The US Temperature Record 4: Data Flags
The data provided has flags you should understand. Definitions below are from the USHCN Status file.
Data Measurement Flag
blank = no measurement information applicable a-i = number of days missing in calculation of monthly mean temperature E = The value is estimated using values from surrounding stations because a monthly value could not be computed from daily data; or, the pairwise homogenization algorithm removed the value because of too many apparent inhomogeneities occuring close together in time.
Quality Control Flag
BLANK = no failure of quality control check or could not be evaluated. D = monthly value is part of an annual series of values that are exactly the same (e.g. duplicated) within another year in the station's record. I = checks for internal consistency between TMAX and TMIN. Flag is set when TMIN > TMAX for a given month. L = monthly value is isolated in time within the station record, and this is defined by having no immediate non- missing values 18 months on either side of the value. M = Manually flagged as erroneous. O = monthly value that is >= 5 bi-weight standard deviations from the bi-weight mean. Bi-weight statistics are calculated from a series of all non-missing values in the station's record for that particular month. S = monthly value has failed spatial consistency check. Any value found to be between 2.5 and 5.0 bi-weight standard deviations from the bi-weight mean, is more closely scrutinized by exmaining the 5 closest neighbors (not to exceed 500.0 km) and determine their associated distribution of respective z-scores. At least one of the neighbor stations must have a z score with the same sign as the target and its z-score must be greater than or equal to the z-score listed in column B (below), where column B is expressed as a function of the target z-score ranges (column A). ---------------------------- A | B ---------------------------- 4.0 - 5.0 | 1.9 ---------------------------- 3.0 - 4.0 | 1.8 ---------------------------- 2.75 - 3.0 | 1.7 ---------------------------- 2.50 - 2.75 | 1.6 W = monthly value is duplicated from the previous month, based upon regional and spatial criteria and is only applied from the year 2000 to the present.
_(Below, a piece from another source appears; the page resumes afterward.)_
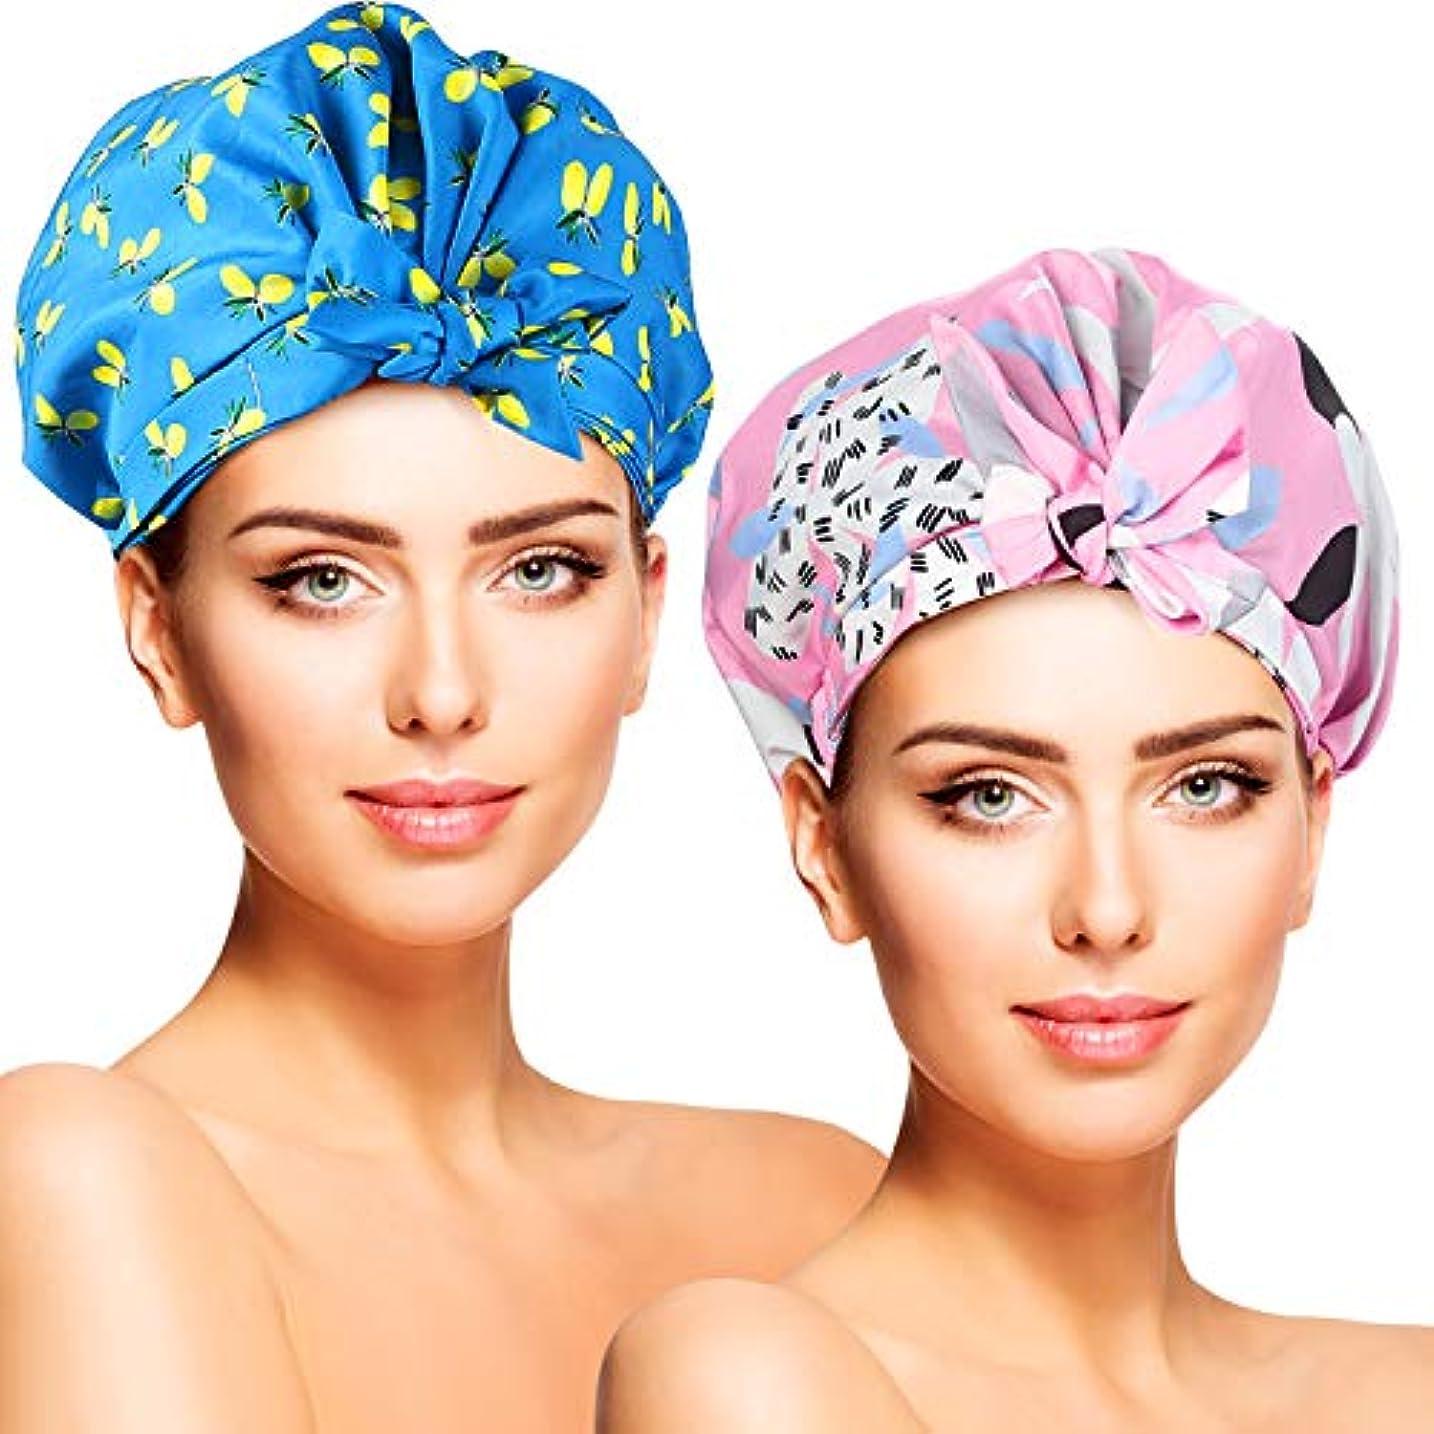 すき飢え水銀のYISUN シャワーキャップ 2枚セット 二重層防水 耐久性 抗菌性 お風呂 シャワー SPA 調理 洗顔用 多機能 実用性 男女兼用

Quality Controlled Adjusted (QCA) QC Flags: A = alternative method of adjustment used. M = values with a non-blank quality control flag in the "qcu" dataset are set to missing the adjusted dataset and given an "M" quality control flag.
Data Source Flag
Blank = Value was computed from daily data available in GHCN-Daily Not Blank = Daily data are not available so the monthly value was obtained from the USHCN version 1 dataset. The possible Version 1 DSFLAGS are as follows: 1 = NCDC Tape Deck 3220, Summary of the Month Element Digital File 2 = Means Book - Smithsonian Institute, C.A. Schott (1876, 1881 thru 1931) 3 = Manuscript - Original Records, National Climatic Data Center 4 = Climatological Data (CD), monthly NCDC publication 5 = Climate Record Book, as described in History of Climatological Record Books, U.S. Department of Commerce, Weather Bureau, USGPO (1960) 6 = Bulletin W - Summary of the Climatological Data for the United States (by section), F.H. Bigelow, U.S. Weather Bureau (1912); and, Bulletin W - Summary of the Climatological Data for the United States, 2nd Ed. 7 = Local Climatological Data (LCD), monthly NCDC publication 8 = State Climatologists, various sources B = Professor Raymond Bradley - Refer to Climatic Fluctuations of the Western United States During the Period of Instrumental Records, Bradley, et. al., Contribution No. 42, Dept. of Geography and Geology, University of Massachusetts (1982) D = Dr. Henry Diaz, a compilation of data from Bulletin W, LCD, and NCDC Tape Deck 3220 (1983) G = Professor John Griffiths - primarily from Climatological Data
Most of these flags I ignore because they either won't change the annual averages or they are the consequence of an opinion. The only flag I care about is the I flag, meaning the reported Tmin is larger than the Tmax for that month. I'll report later how many flags there are in the example dataset I'll use.